- Directed by: Lambert Hillyer
- Written by: Lambert Hillyer
- Starring: Buck Jones Loretta Sayers Robert Ellis
- Cinematography: Byron Haskin
- Edited by: Maurice Wright
- Production company: Columbia Pictures
- Distributed by: Columbia Pictures
- Release date: December 3, 1931;
- Running time: 65 minutes
- Country: United States
- Language: English

= The Deadline (film) =

1931 film by Lambert Hillyer

The Deadline is a 1931 American pre-Code Western film directed by Lambert Hillyer and starring Buck Jones and Robert Ellis. It was produced and distributed by Columbia Pictures.

==Cast==
- Buck Jones as Buck Donlin (as Charles 'Buck' Jones)
- Loretta Sayers as Helen Evans
- Robert Ellis as Ira Coleman (a.k.a.

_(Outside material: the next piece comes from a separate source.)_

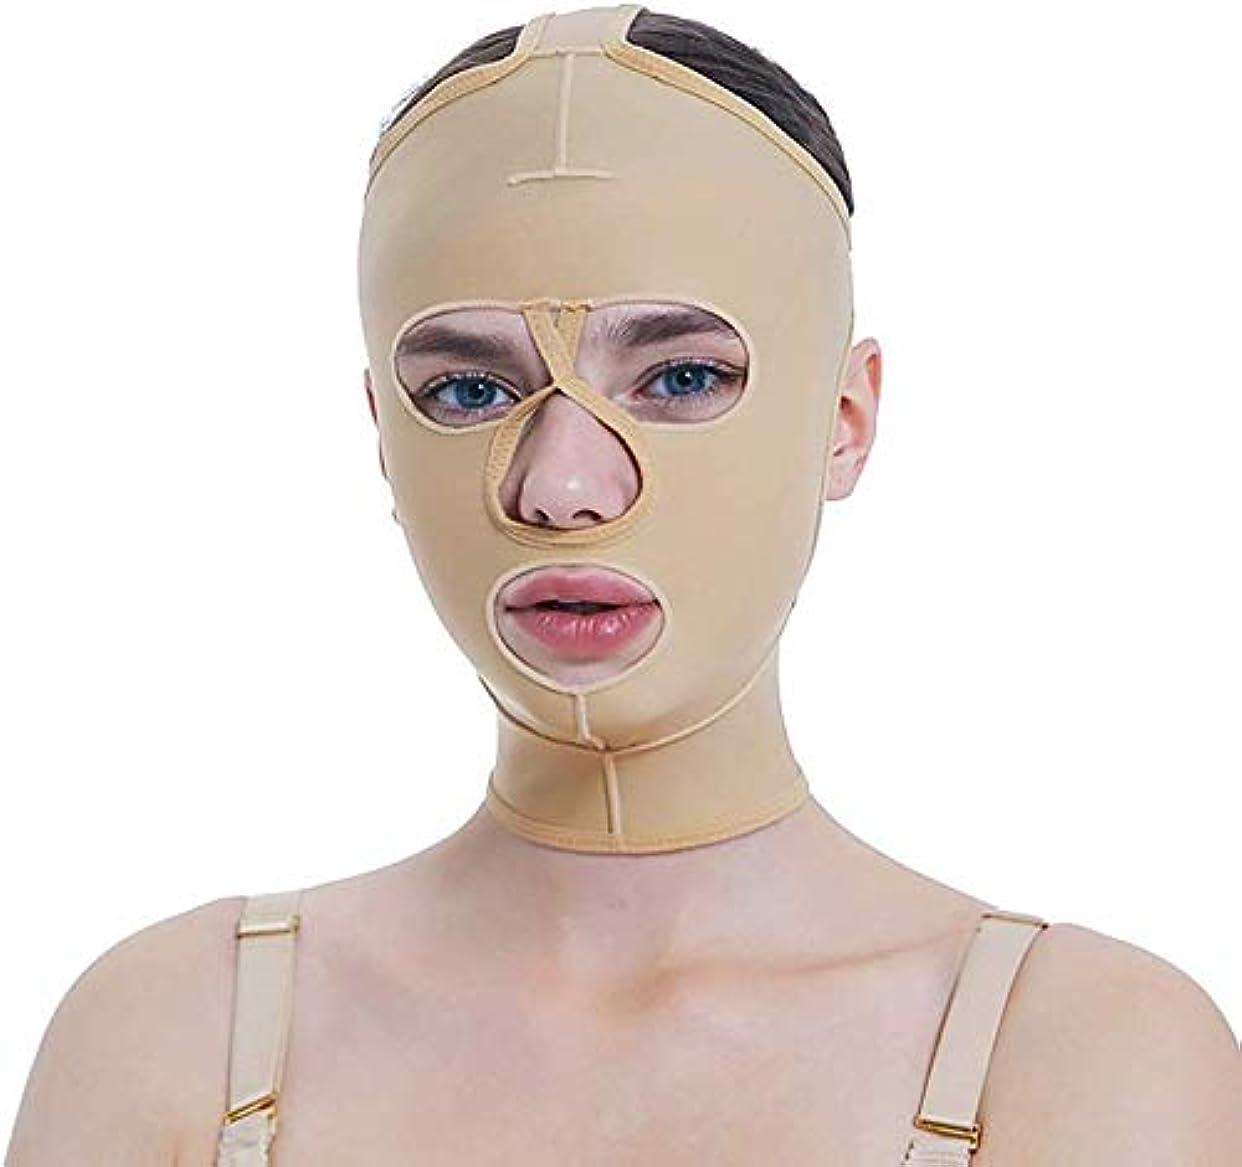 鬼ごっこフリッパー逸話スリミングVフェイスマスク、脂肪吸引術成形マスク、薄いフェイスウィッグVフェイスビームフェイス弾性スリーブマルチサイズオプション(サイズ:S)

Clink Durand)
- Ed Brady as Lefty (as Edwin J. Brady)
- G. Raymond Nye as Sheriff Grady
- Knute Erickson as Otto
- George Ernest as Jimmy Evans
- Harry Todd as Chloride
- James Curtis as Shores (uncredited)
- James Farley as Cassiday (uncredited)

==Critical reception==
Variety gave a positive review and wrote, "[the film contains] All the best elements of the good grade of old time western, done effectively with dialog and sound ... It looks like a sure winner ... Story has a world of action, with intricate complications that engage attention and make for suspense." The reviewer also complimented the performances : "Picture has several nicely played types; Loretta Sayers does the heroine vastly better than most young women manage western roles of the kind, and George Ernest does a kid role that will evoke a-a-ahs. Jones himself plays with a good deal of reserve and force, considering the flamboyant role he tackles."